= Digital Fish Library =

Project at University of California, San Diego, USA

The Digital Fish Library (DFL) is a University of California, San Diego project funded by the Biological Infrastructure Initiative (DBI) of the National Science Foundation (NSF). The DFL creates 2D and 3D visualizations of the internal and external anatomy of fish obtained with magnetic resonance imaging (MRI) methods and makes these publicly available on the web.

The information core for the Digital Fish Library is generated using high-resolution MRI scanners housed at the Center for functional magnetic resonance imaging (CfMRI) multi-user facility at UC San Diego. These instruments use magnetic fields to take 3D images of animal tissues, allowing researchers to non-invasively see inside them and quantitatively describe their 3D anatomy.
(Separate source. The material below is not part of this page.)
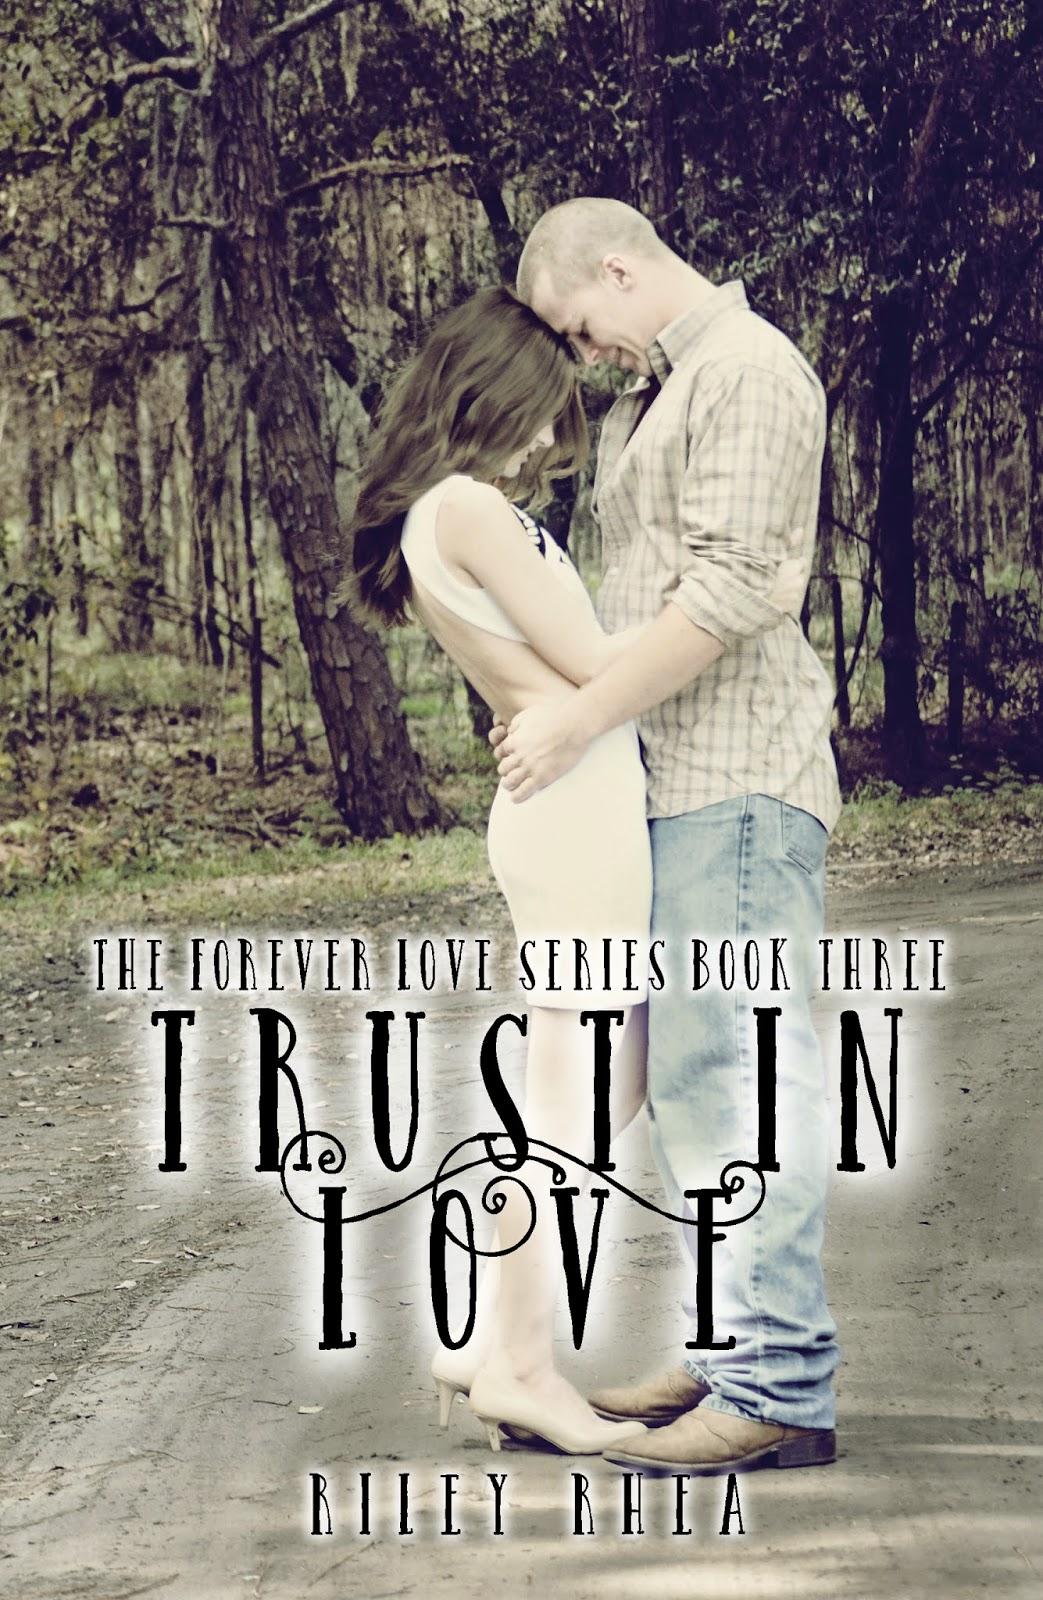 sma relationship trust series

Fish specimens are obtained from the Marine Vertebrate Collection at Scripps Institute of Oceanography (SIO) and imaged by staff from UC San Diego's Center for Scientific Computation in Imaging (CSCI).

As of February 2010, the Digital Fish Library contains almost 300 species covering all five classes of fish, 56 of 60 orders, and close to 200 of the 521 fish families as described by Nelson, 2006. DFL imaging has also contributed to a number of published peer-reviewed scientific studies.

Digital Fish Library work has been featured in the media, including two National Geographic documentaries: Magnetic Navigator and Ultimate Shark.